Брудье согласился принять мою помощь, так мы подружились. Часами мы изучали район, фотографировали подозрительных людей и машины, пытаясь раскрыть преступление. До тех пор пока нас не увидел старик, который подумал, что мы работаем на бандитов, и вызвал полицию. Они застали нас, сидящих на корточках, возле соседского пирса, мы разглядывали в бинокль один подозрительный фургон, который появлялся тут регулярно (как мы потом выяснили, он принадлежал хозяину пекарни за углом). Нас стали допрашивать, мы оба разревелись, думая, что нас посадят в тюрьму. Запинаясь, мы все объяснили и поделились своей стратегией по раскрытию преступления. Полицейские слушали, изо всех сил стараясь не ржать, а потом отвели нас по домам и поговорили с родителями Брудье. Перед уходом один из детективов дал нам по визитке и сказал звонить, если что заметим.

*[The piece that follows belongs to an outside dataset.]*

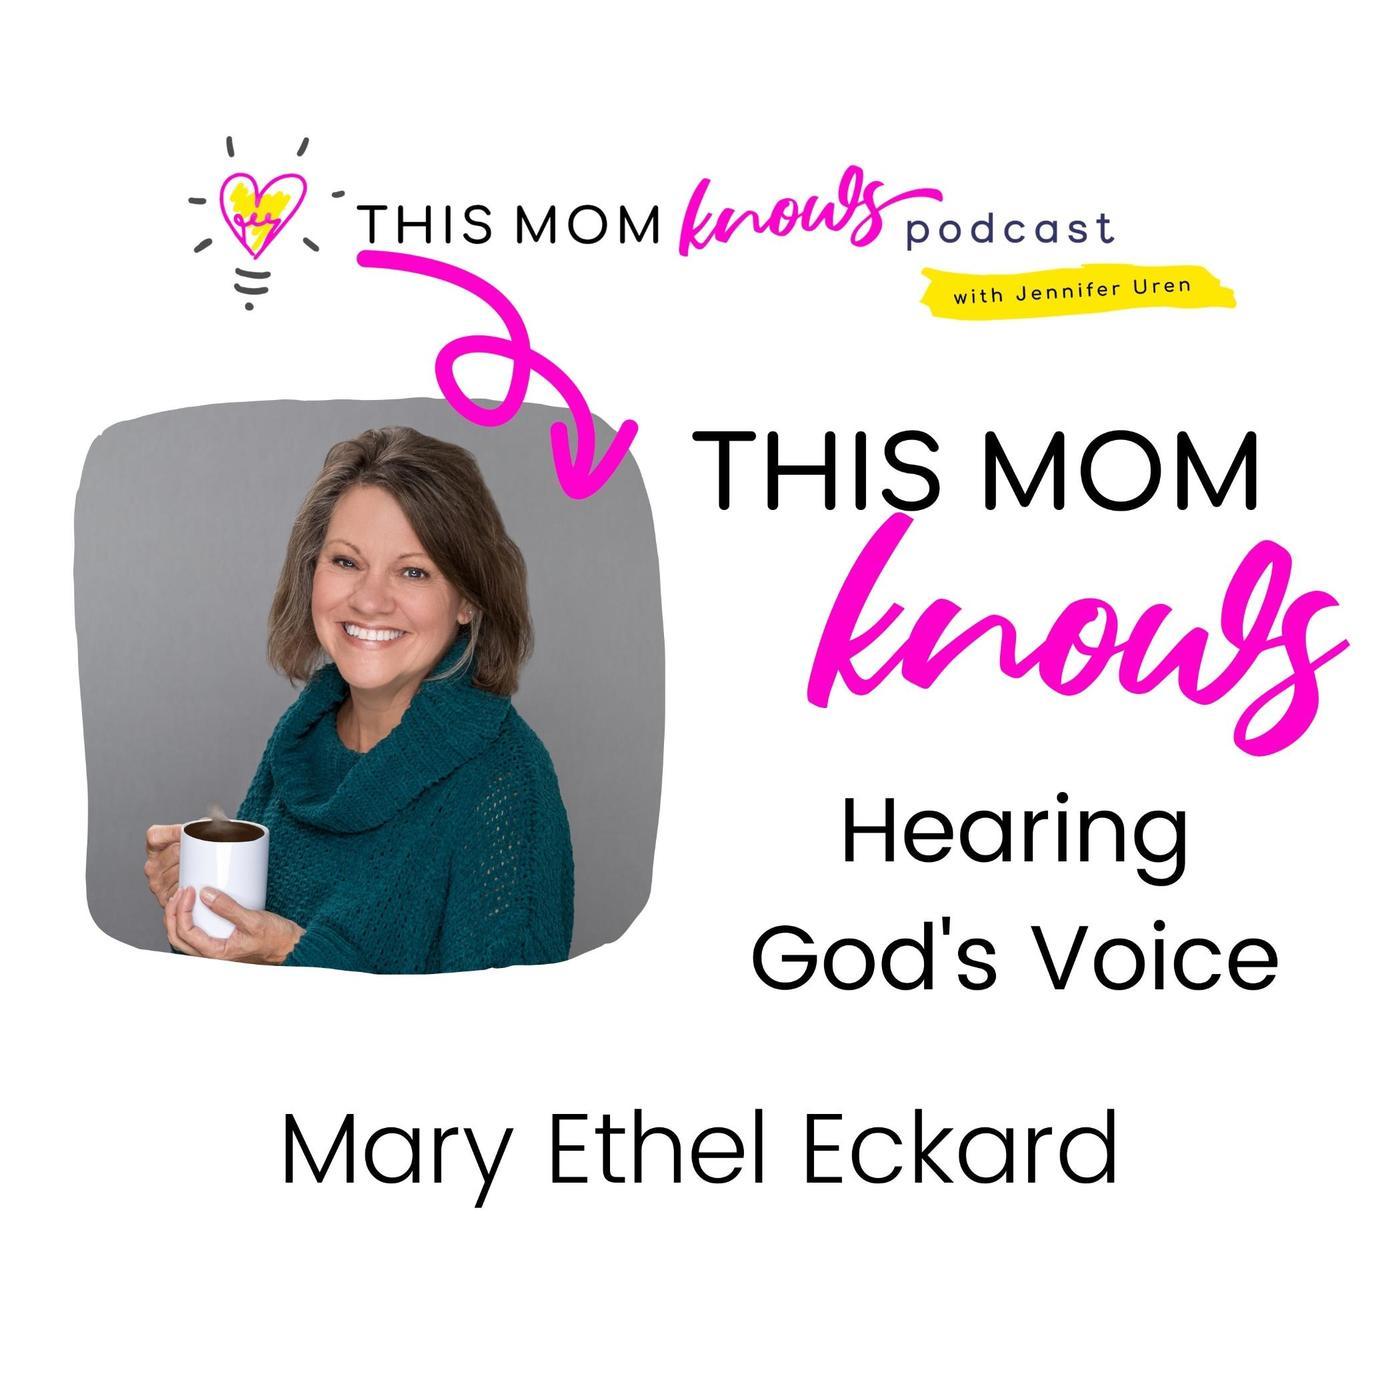 Mary Eckard on Hearing God's Voice
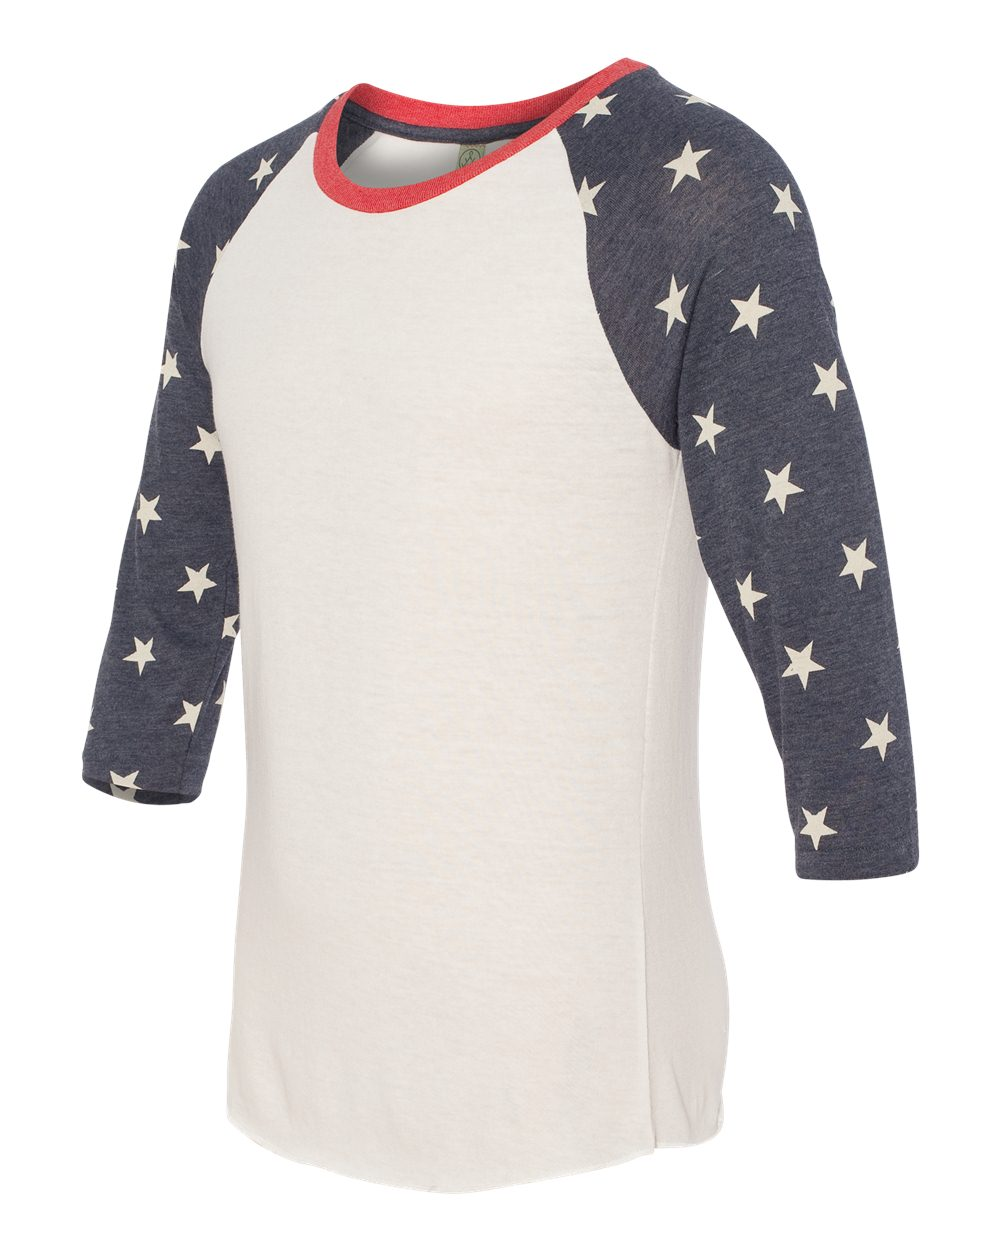 Alternative 2089ea printed eco jersey baseball raglan t for 4 color process t shirt printing

Я свою карточку выбросил, а Брудье оставил и хранил ее несколько лет. Когда нам было по двенадцать, я заметил ее на доске с записями в его спальне в пригородном доме, куда они в итоге переехали. «Ты ее все еще хранишь?» – спросил я. Они переселились уже два года назад, и мы виделись не очень часто. Брудье посмотрел на карточку, потом на меня. «Вилли, ты что, не знаешь, я ничего не выбрасываю».
Дверь открывает долговязый парень в кофте с эмблемой футбольной команды «Пи-Эс-Ви», намазанные гелем волосы стоят торчком. У меня сердце обрывается; раньше Брудье жил здесь с двумя девчонками, с обеими постоянно, хоть и безуспешно, пытался переспать, и тощим пацаном по имени Иво. Тут у этого парня вспыхивают глаза, он меня узнает, и я понимаю, что это Хенк, один из друзей Брудье из Утрехтского университета.
– Уиллем, ты ли это? – спрашивает он, и, не дав ответить, кричит: – Брудье, Уиллем вернулся.
Слышатся возня и скрип стертых половых досок, и вот появляется он, ниже меня на голову, но в полтора раза шире в плечах – мы с ним такие разные, что старик с соседнего хаусбота прозвал нас Макарониной и Тефтелей. Брудье эти прозвища очень нравились, ведь тефтеля куда вкуснее макарон!
– Уилли? – Брудье на миг замирает, но потом бросается на меня. – Уилли! А я уж думал, что ты помер!
– Я восстал из мертвых, – отвечаю я.
– Правда? – Глаза у него такие круглые и синие, что напоминают блестящие монетки. – Ты когда вернулся? Надолго? Есть хочешь? Жаль не предупредил, я бы что-нибудь приготовил. Но можем вместе сделать хороших borrelhapje.[19] Заходи. Хенк, посмотри-ка, Уилли вернулся.
– Вижу, – кивает Хенк.
– Вау! – кричит Брудье. – Уилли вернулся!
Я вхожу в коридор. Раньше тут был относительный порядок, кое-где стояли женские штучки вроде ароматизированных свечей – Брудье делал вид, что ему это не нравится, но зажигал их, даже когда никого из девчонок дома не было. Теперь тут воняет носками, спитым кофе, разлитым пивом, от девушек остался лишь косо вставленный в раму плакат с картиной Пикассо над камином.
– А с девчонками что случилось? – спрашиваю я.
Брудье ухмыляется.
– Да, Уилли в первую очередь интересуют девчонки, – со смехом говорит он. – Они в прошлом году переехали в собственную квартиру, а ко мне подселились Хенк с Вау. Иво тоже только что уехал проходить какой-то курс в Эстонии.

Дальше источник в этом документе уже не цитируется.